» INSTRUCTIONS FOR THE TASK
With images removed, return the whole listing exactly as written.

(INFORMATION SUPPLIED begins)

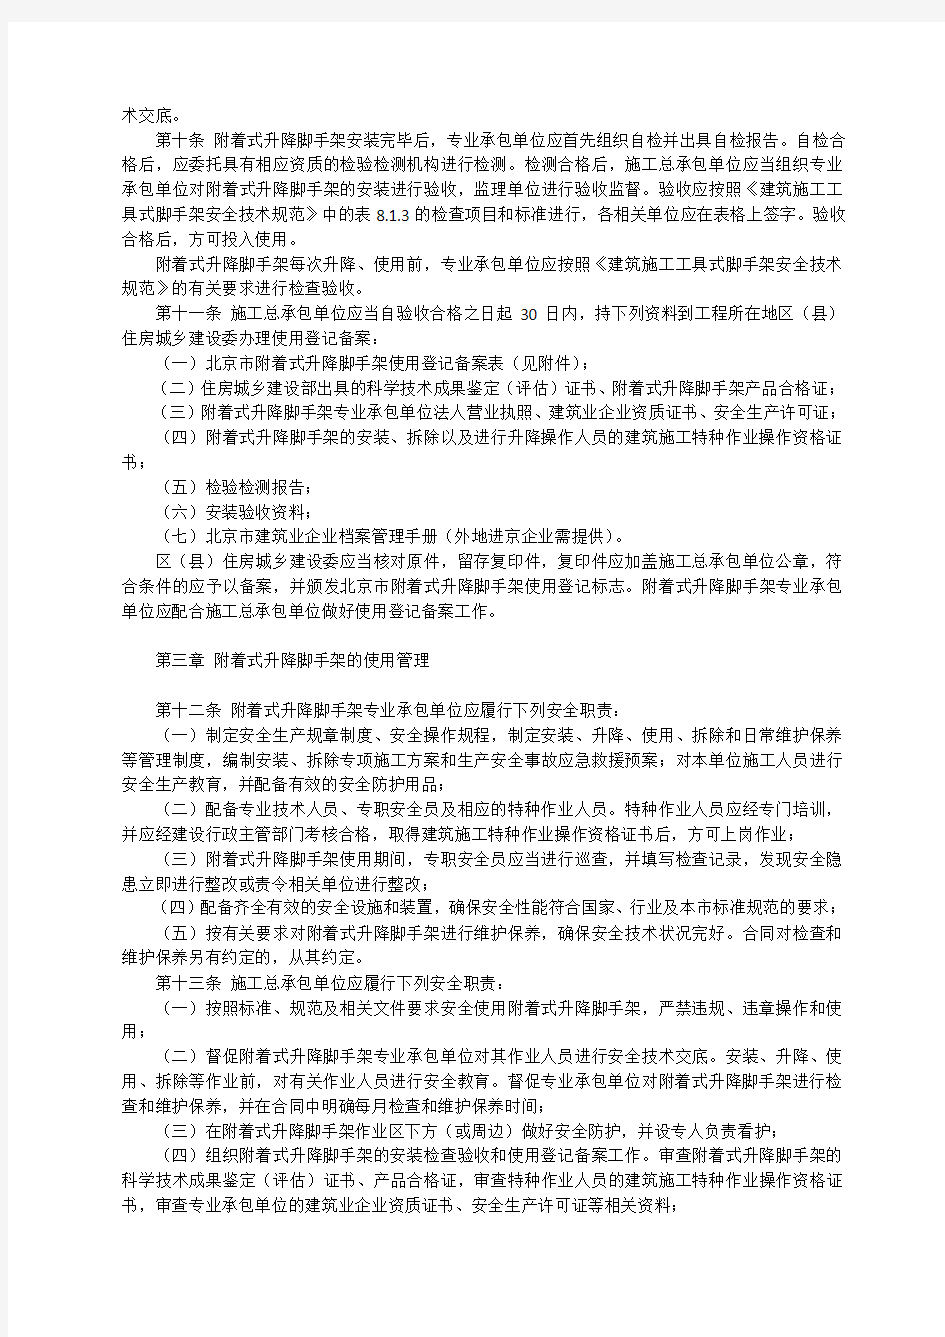 北京市建设工程施工现场附着式升降脚手架安全使用管理办法   京建法〔2012〕4号附件
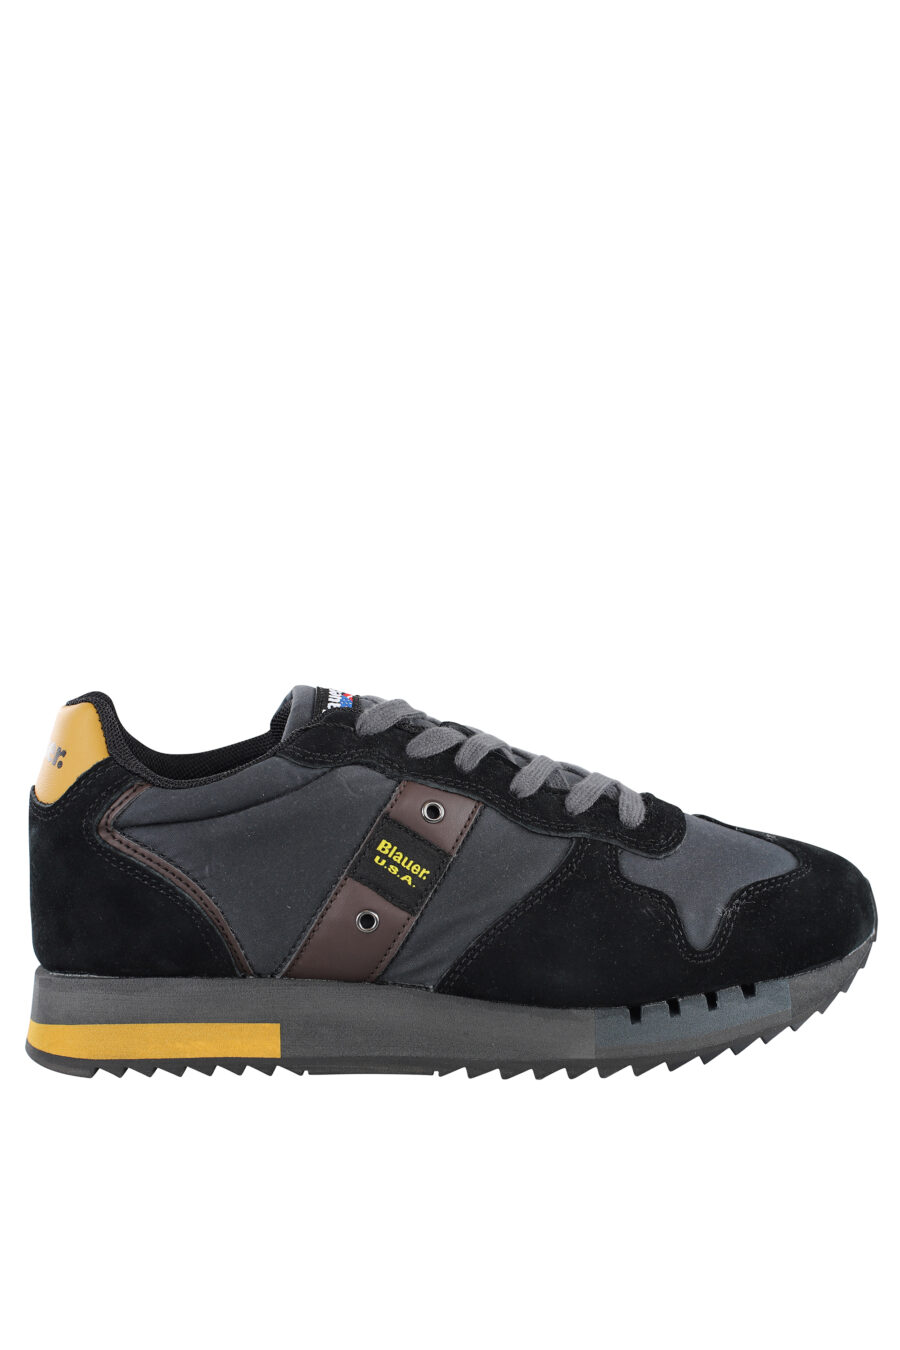 Zapatillas "queen" negras con detalles amarillos y logo - IMG 7083
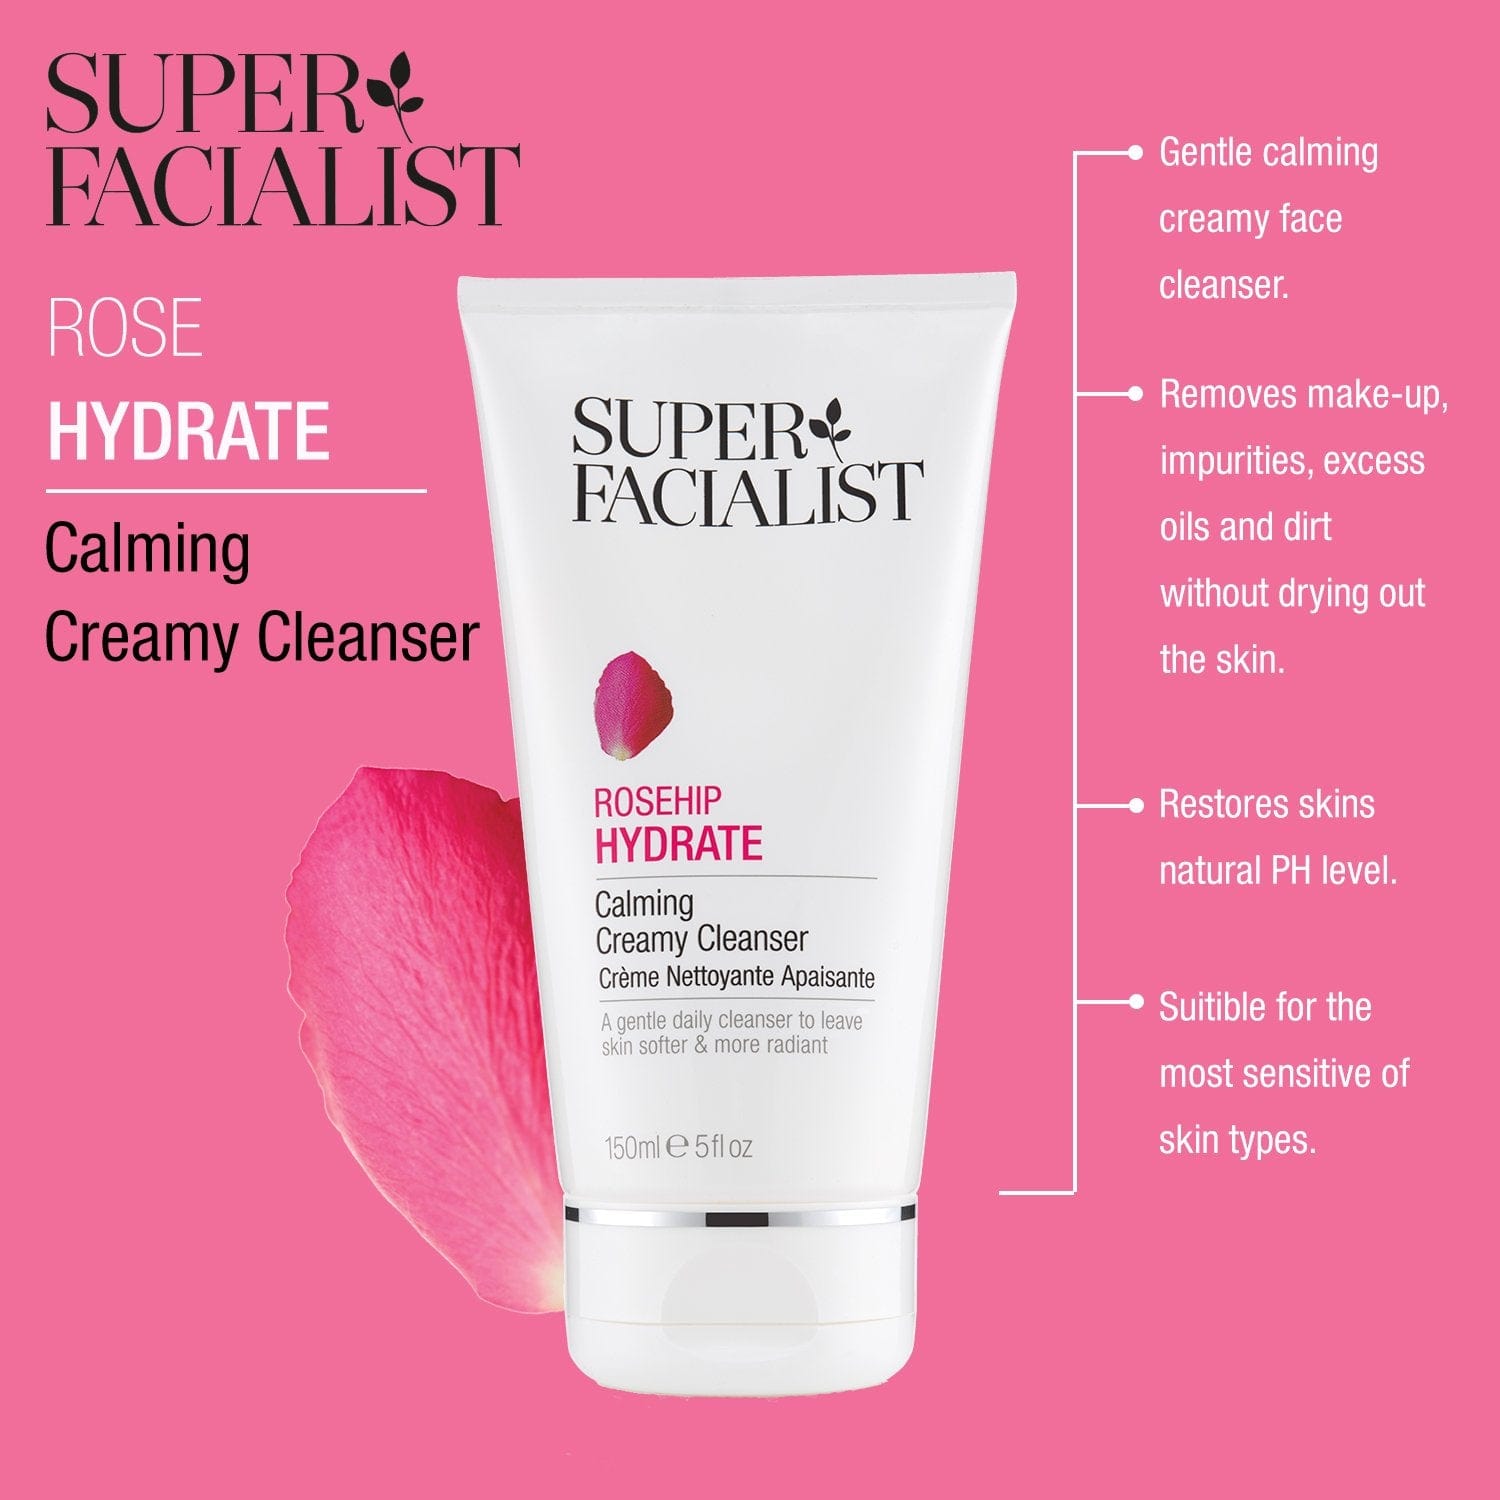 Super Facialist Rose Hydrate Calming Creamy Cleanser 150ml
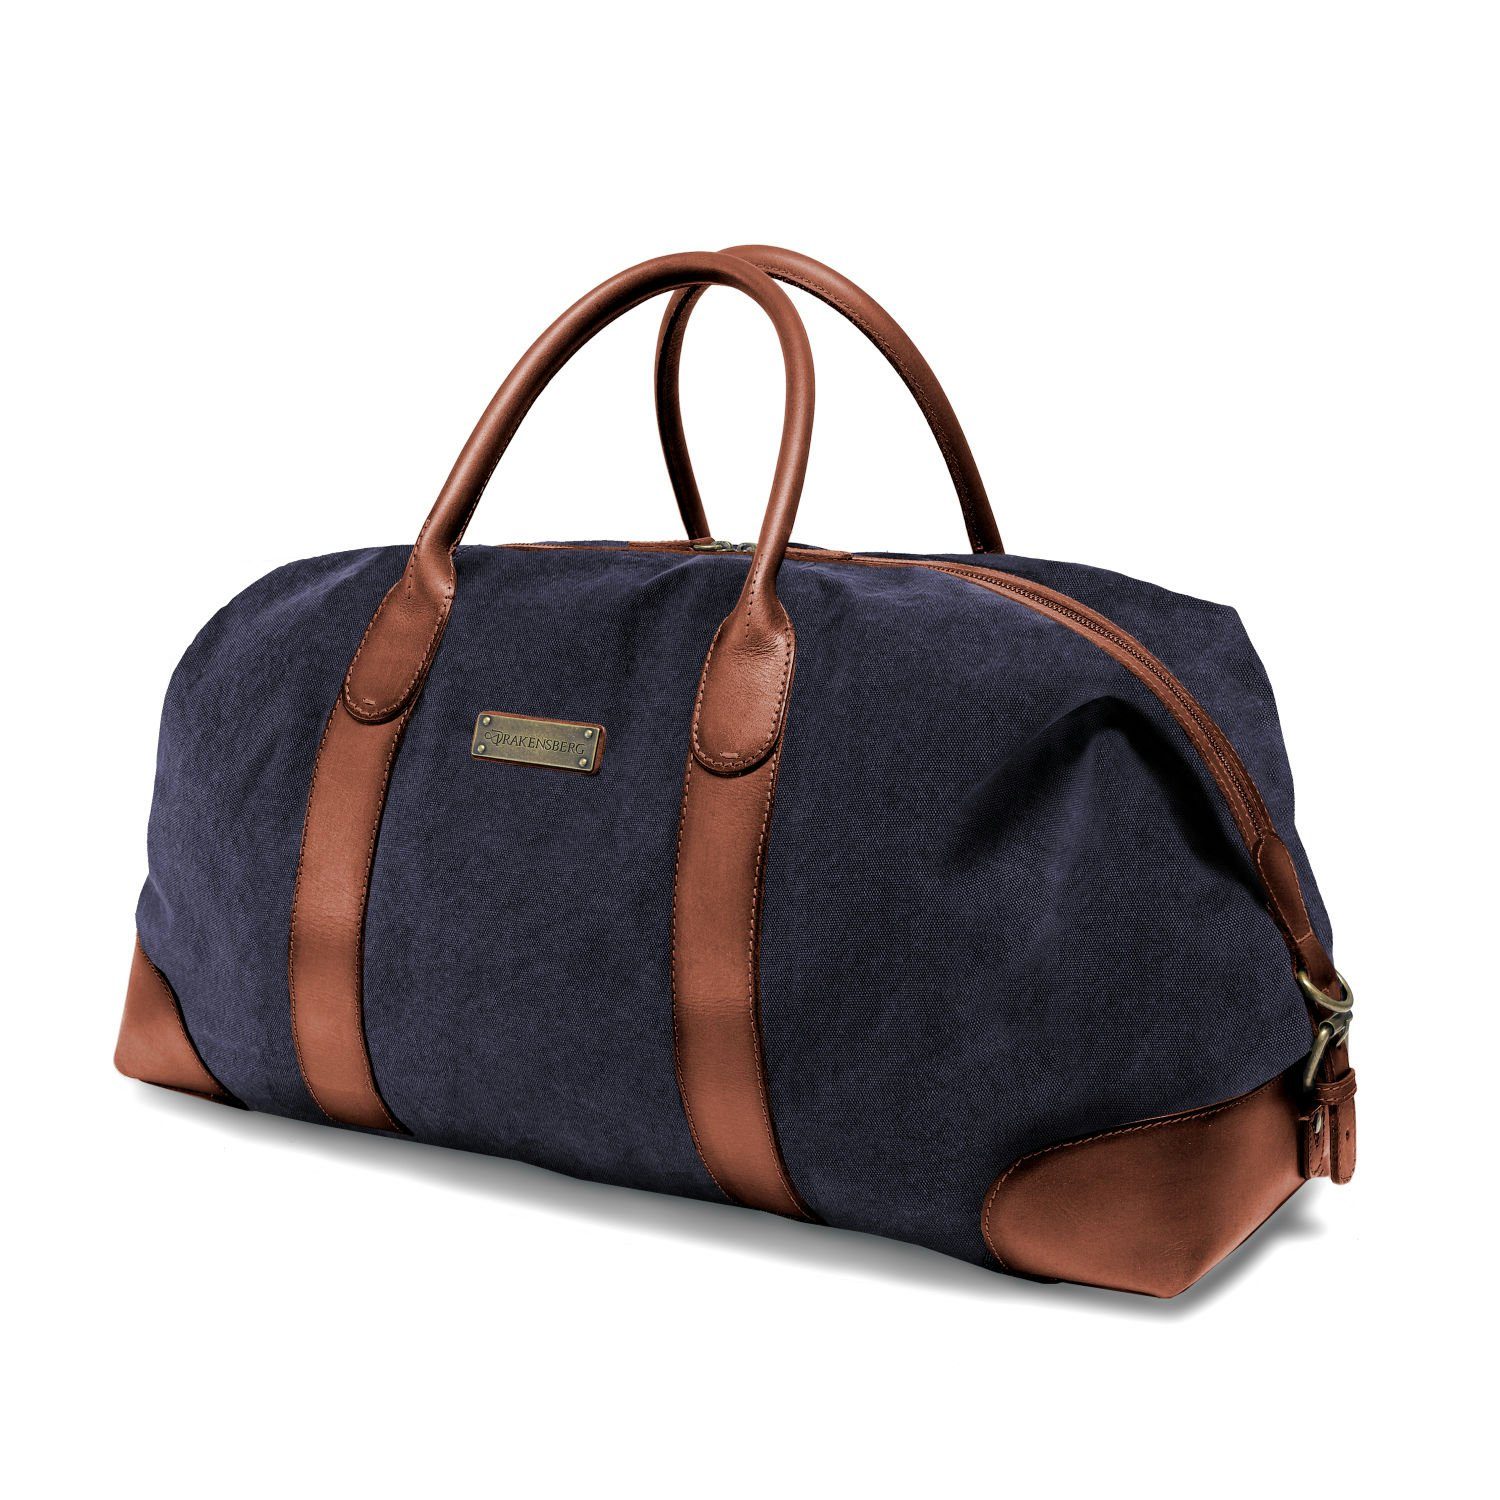 Damen Taschen Reisetaschen und Weekender Reisenthel Reisetasche in Blau

(INFORMATION SUPPLIED ends)

» EXERCISE ANSWER
 北京市建设工程施工现场附着式升降脚手架安全使用管理办法   京建法〔2012〕4号附件
 Zapatillas "queen" negras con detalles amarillos y logo - IMG 7083
 Super Facialist Rose Hydrate Calming Creamy Cleanser 150ml
 Damen Taschen Reisetaschen und Weekender Reisenthel Reisetasche in Blau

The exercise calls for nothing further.